About this exercise
Every entry is to be set down a second time, precisely as written.

++++ Stored data

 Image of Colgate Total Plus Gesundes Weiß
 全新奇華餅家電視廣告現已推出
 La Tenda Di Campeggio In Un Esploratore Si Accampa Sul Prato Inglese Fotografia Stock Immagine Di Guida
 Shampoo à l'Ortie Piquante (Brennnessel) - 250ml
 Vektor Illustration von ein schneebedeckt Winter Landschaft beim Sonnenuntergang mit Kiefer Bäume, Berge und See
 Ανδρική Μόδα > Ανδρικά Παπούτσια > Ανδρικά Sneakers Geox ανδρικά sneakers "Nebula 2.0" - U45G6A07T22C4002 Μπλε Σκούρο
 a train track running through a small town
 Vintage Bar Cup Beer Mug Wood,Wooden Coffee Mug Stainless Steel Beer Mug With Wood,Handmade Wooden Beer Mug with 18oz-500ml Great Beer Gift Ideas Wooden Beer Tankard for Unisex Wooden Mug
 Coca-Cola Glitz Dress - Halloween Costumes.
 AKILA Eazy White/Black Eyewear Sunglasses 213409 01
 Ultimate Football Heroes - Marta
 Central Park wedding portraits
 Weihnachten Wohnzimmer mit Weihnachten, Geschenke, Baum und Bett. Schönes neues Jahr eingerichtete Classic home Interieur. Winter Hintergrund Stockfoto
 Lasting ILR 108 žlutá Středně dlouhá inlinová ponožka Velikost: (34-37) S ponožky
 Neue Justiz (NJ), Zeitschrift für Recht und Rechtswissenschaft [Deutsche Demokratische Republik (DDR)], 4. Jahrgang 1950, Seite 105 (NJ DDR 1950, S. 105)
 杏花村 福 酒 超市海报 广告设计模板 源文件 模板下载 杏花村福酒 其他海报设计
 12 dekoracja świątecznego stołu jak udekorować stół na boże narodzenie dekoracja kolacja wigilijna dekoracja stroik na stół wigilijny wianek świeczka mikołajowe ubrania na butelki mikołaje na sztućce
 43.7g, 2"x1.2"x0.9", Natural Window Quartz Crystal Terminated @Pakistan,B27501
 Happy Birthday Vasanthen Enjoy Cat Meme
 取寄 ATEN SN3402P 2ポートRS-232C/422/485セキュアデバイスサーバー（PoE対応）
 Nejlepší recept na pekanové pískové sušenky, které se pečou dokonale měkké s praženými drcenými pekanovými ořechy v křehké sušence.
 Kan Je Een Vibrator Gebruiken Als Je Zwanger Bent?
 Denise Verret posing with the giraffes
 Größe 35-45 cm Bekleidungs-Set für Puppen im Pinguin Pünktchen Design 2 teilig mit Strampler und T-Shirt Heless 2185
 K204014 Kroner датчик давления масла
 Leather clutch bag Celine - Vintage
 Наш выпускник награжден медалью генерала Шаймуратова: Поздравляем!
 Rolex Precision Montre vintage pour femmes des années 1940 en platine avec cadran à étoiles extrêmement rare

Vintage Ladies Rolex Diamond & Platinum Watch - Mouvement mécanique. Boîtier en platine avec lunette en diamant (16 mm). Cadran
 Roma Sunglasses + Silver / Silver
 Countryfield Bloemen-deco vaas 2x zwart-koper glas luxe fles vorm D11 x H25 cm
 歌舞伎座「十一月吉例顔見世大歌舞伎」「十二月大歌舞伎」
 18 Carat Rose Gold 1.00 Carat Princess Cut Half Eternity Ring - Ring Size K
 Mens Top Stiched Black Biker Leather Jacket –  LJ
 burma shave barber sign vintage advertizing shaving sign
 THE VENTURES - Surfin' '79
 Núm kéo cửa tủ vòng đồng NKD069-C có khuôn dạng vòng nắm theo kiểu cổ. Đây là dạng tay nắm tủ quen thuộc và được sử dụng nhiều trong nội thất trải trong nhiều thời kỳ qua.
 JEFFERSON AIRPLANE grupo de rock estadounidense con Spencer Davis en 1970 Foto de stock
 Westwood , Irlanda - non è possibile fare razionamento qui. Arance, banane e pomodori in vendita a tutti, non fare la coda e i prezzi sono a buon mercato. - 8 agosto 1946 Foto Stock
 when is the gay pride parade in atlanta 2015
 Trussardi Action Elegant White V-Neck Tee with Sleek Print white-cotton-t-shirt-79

++++++++

Answer space
 Image of Colgate Total Plus Gesundes Weiß
 全新奇華餅家電視廣告現已推出
 La Tenda Di Campeggio In Un Esploratore Si Accampa Sul Prato Inglese Fotografia Stock Immagine Di Guida
 Shampoo à l'Ortie Piquante (Brennnessel) - 250ml
 Vektor Illustration von ein schneebedeckt Winter Landschaft beim Sonnenuntergang mit Kiefer Bäume, Berge und See
 Ανδρική Μόδα > Ανδρικά Παπούτσια > Ανδρικά Sneakers Geox ανδρικά sneakers "Nebula 2.0" - U45G6A07T22C4002 Μπλε Σκούρο
 a train track running through a small town
 Vintage Bar Cup Beer Mug Wood,Wooden Coffee Mug Stainless Steel Beer Mug With Wood,Handmade Wooden Beer Mug with 18oz-500ml Great Beer Gift Ideas Wooden Beer Tankard for Unisex Wooden Mug
 Coca-Cola Glitz Dress - Halloween Costumes.
 AKILA Eazy White/Black Eyewear Sunglasses 213409 01
 Ultimate Football Heroes - Marta
 Central Park wedding portraits
 Weihnachten Wohnzimmer mit Weihnachten, Geschenke, Baum und Bett. Schönes neues Jahr eingerichtete Classic home Interieur. Winter Hintergrund Stockfoto
 Lasting ILR 108 žlutá Středně dlouhá inlinová ponožka Velikost: (34-37) S ponožky
 Neue Justiz (NJ), Zeitschrift für Recht und Rechtswissenschaft [Deutsche Demokratische Republik (DDR)], 4. Jahrgang 1950, Seite 105 (NJ DDR 1950, S. 105)
 杏花村 福 酒 超市海报 广告设计模板 源文件 模板下载 杏花村福酒 其他海报设计
 12 dekoracja świątecznego stołu jak udekorować stół na boże narodzenie dekoracja kolacja wigilijna dekoracja stroik na stół wigilijny wianek świeczka mikołajowe ubrania na butelki mikołaje na sztućce
 43.7g, 2"x1.2"x0.9", Natural Window Quartz Crystal Terminated @Pakistan,B27501
 Happy Birthday Vasanthen Enjoy Cat Meme
 取寄 ATEN SN3402P 2ポートRS-232C/422/485セキュアデバイスサーバー（PoE対応）
 Nejlepší recept na pekanové pískové sušenky, které se pečou dokonale měkké s praženými drcenými pekanovými ořechy v křehké sušence.
 Kan Je Een Vibrator Gebruiken Als Je Zwanger Bent?
 Denise Verret posing with the giraffes
 Größe 35-45 cm Bekleidungs-Set für Puppen im Pinguin Pünktchen Design 2 teilig mit Strampler und T-Shirt Heless 2185
 K204014 Kroner датчик давления масла
 Leather clutch bag Celine - Vintage
 Наш выпускник награжден медалью генерала Шаймуратова: Поздравляем!
 Rolex Precision Montre vintage pour femmes des années 1940 en platine avec cadran à étoiles extrêmement rare

Vintage Ladies Rolex Diamond & Platinum Watch - Mouvement mécanique. Boîtier en platine avec lunette en diamant (16 mm). Cadran
 Roma Sunglasses + Silver / Silver
 Countryfield Bloemen-deco vaas 2x zwart-koper glas luxe fles vorm D11 x H25 cm
 歌舞伎座「十一月吉例顔見世大歌舞伎」「十二月大歌舞伎」
 18 Carat Rose Gold 1.00 Carat Princess Cut Half Eternity Ring - Ring Size K
 Mens Top Stiched Black Biker Leather Jacket –  LJ
 burma shave barber sign vintage advertizing shaving sign
 THE VENTURES - Surfin' '79
 Núm kéo cửa tủ vòng đồng NKD069-C có khuôn dạng vòng nắm theo kiểu cổ. Đây là dạng tay nắm tủ quen thuộc và được sử dụng nhiều trong nội thất trải trong nhiều thời kỳ qua.
 JEFFERSON AIRPLANE grupo de rock estadounidense con Spencer Davis en 1970 Foto de stock
 Westwood , Irlanda - non è possibile fare razionamento qui. Arance, banane e pomodori in vendita a tutti, non fare la coda e i prezzi sono a buon mercato. - 8 agosto 1946 Foto Stock
 when is the gay pride parade in atlanta 2015
 Trussardi Action Elegant White V-Neck Tee with Sleek Print white-cotton-t-shirt-79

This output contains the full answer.